Keep an eye on the silverware as well, with this one.

dir: Brian Percival

2013

Homework. Some books feel like homework. Some movies feel like homework.

Now, please don’t start interpreting this as veiled or unveiled anti-Semitism: I am not going to launch into Holocaust-denying or Climate Change-denying or arguing that there's empathy fatigue because of the sheer quantity of books and movies about World War II and the Nazis and the Final Solution. It's great, wonderful, we need more of them, surely.

It's just that, well, since high school, where we had to study books like The Diary of Anne Frank and Elie and had to be taken along as a class to see Schindler's List, I just automatically associate World War II - Weren't Those Nazis Total Bastards? narratives to be somewhat obligatory and something tedious. I feel like I'm watching it or reading about it because I have to write a 500 word essay about it to be handed in first thing first period.

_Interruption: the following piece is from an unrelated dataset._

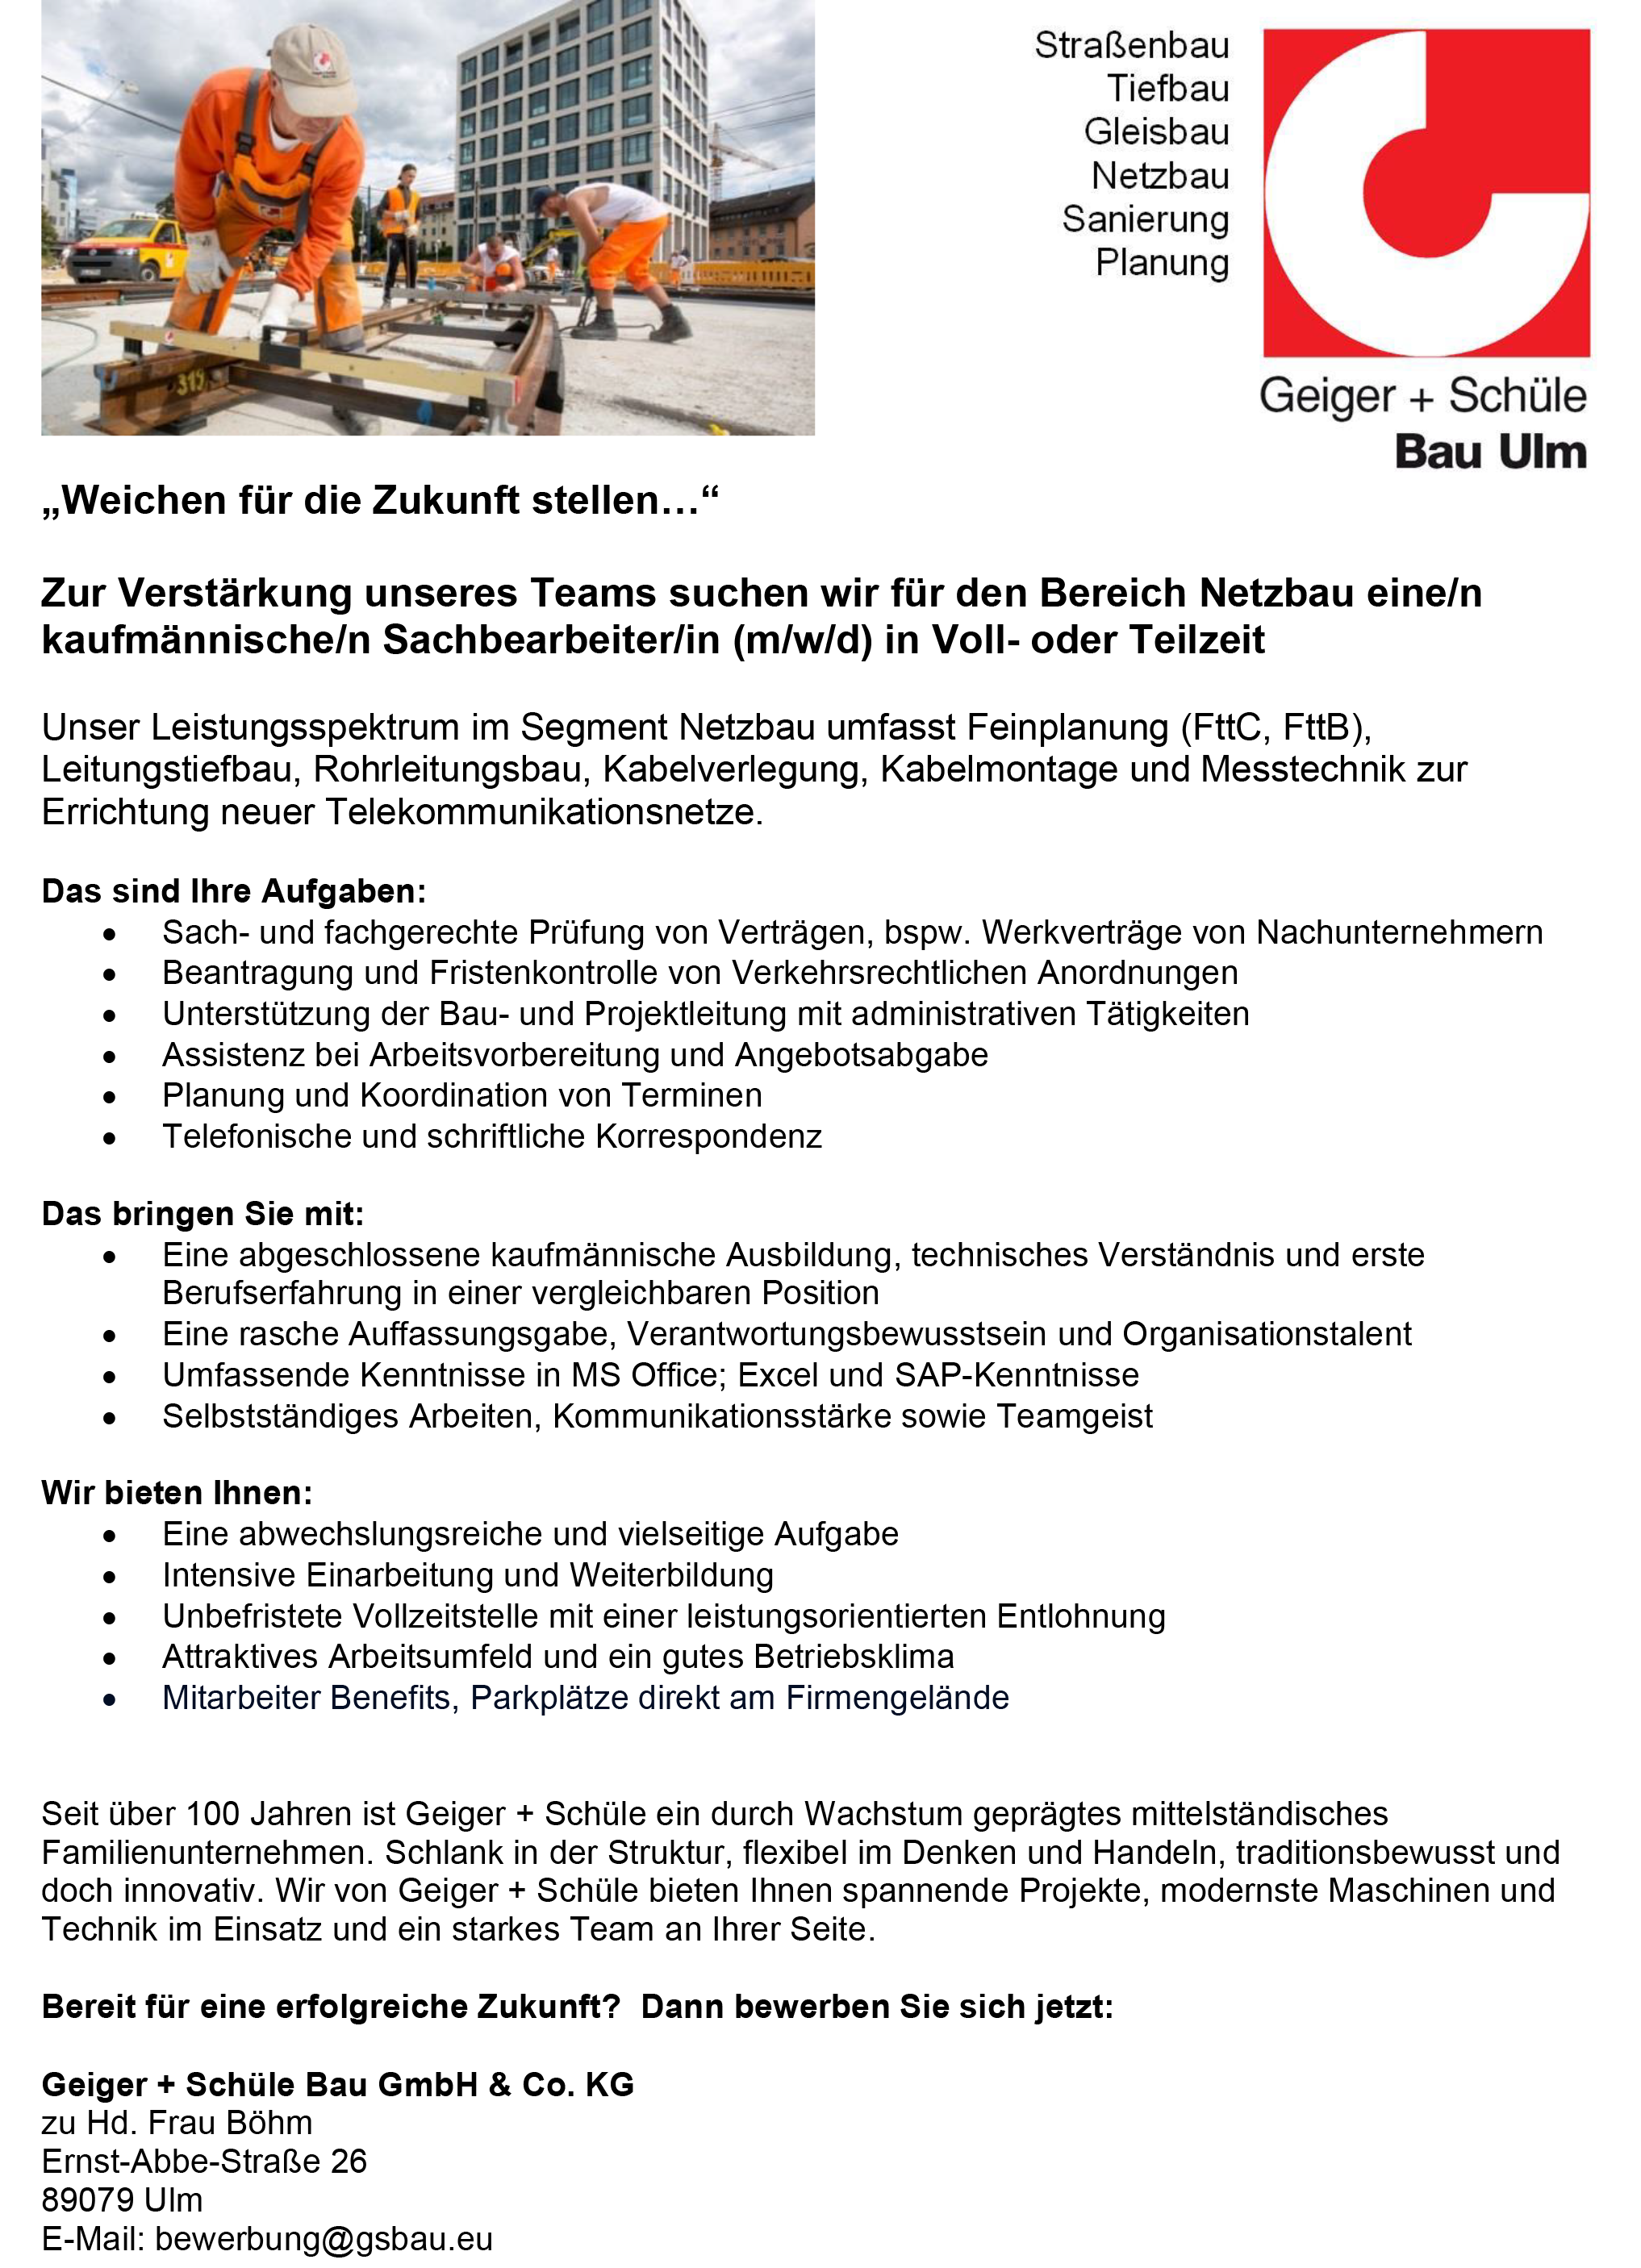 Geiger + Schüle Bau GmbH & Co. KG
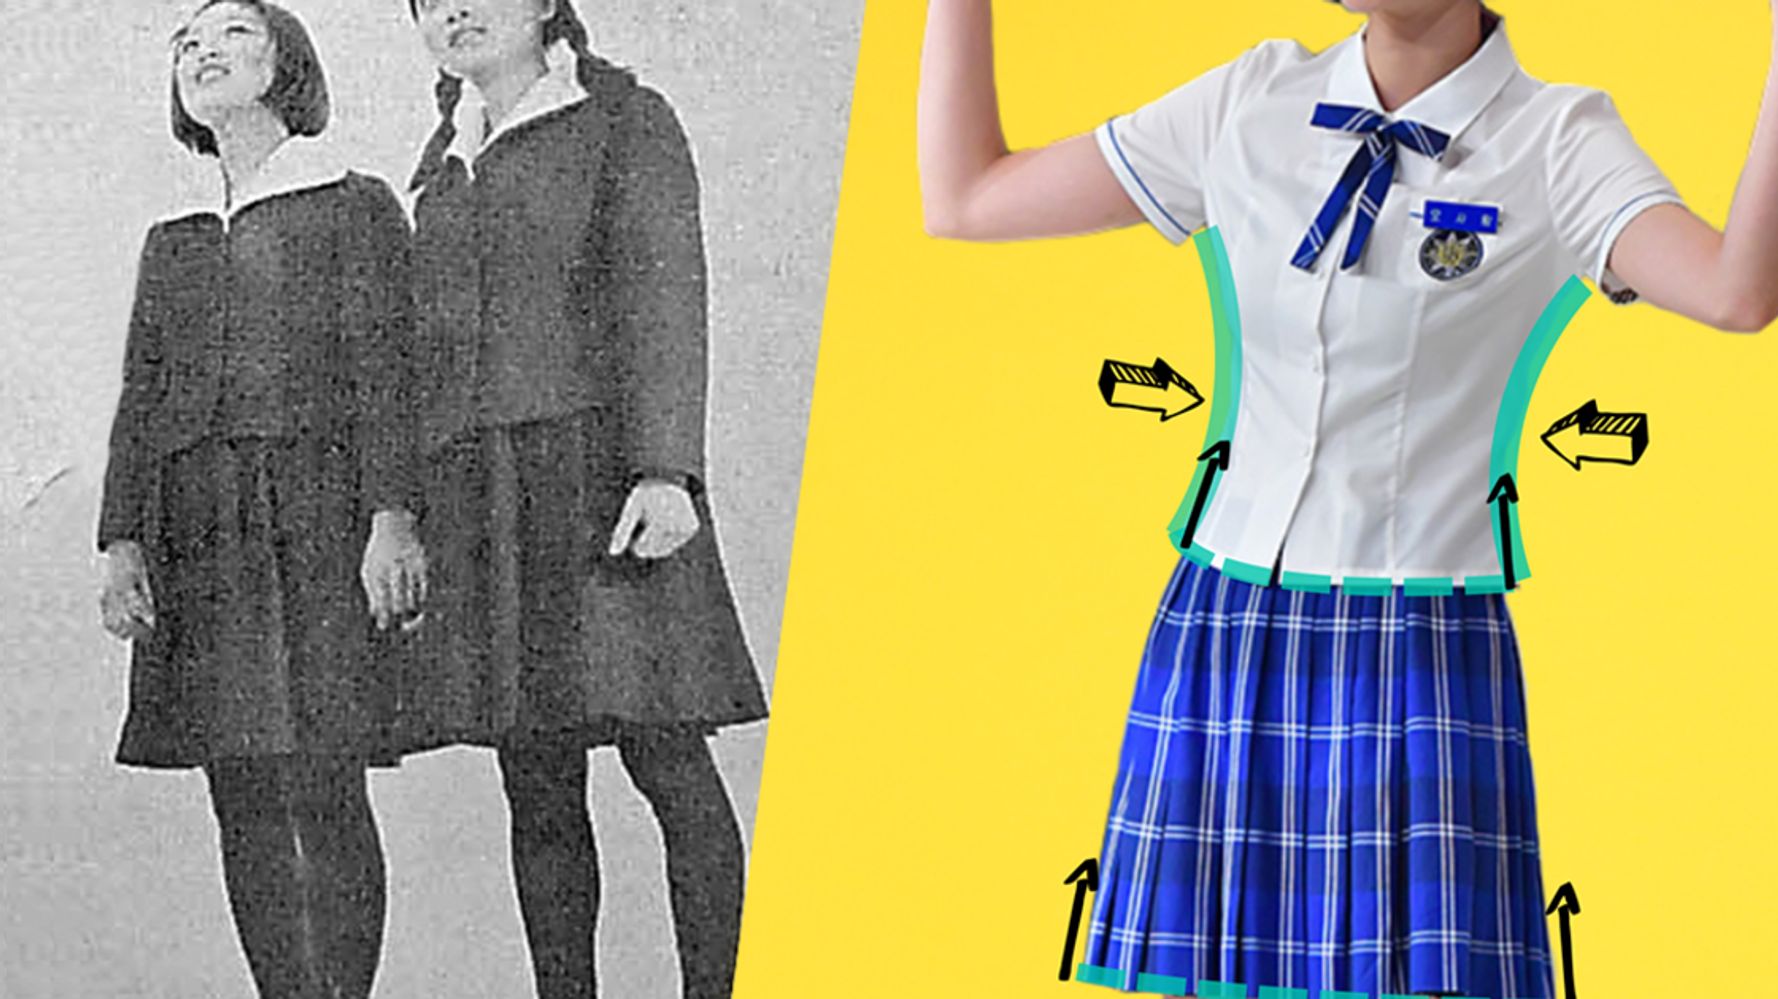 女子生徒の制服が 体にぴったりすぎる 韓国で不満の声が続出 ハフポスト World

But of course, writing a review about it is a completely different prospect! I initially read the book years ago, thinking I would hate it, actively hating it when I started, but I was won over as it went on. There was something about how it was calculatedly put together, and the clumsiness of the narrator as Death, or Death as the narrator, I guess more appropriately, that brought my hackles up. The hackles came down over time as Liesel and her story moved me in appreciable ways.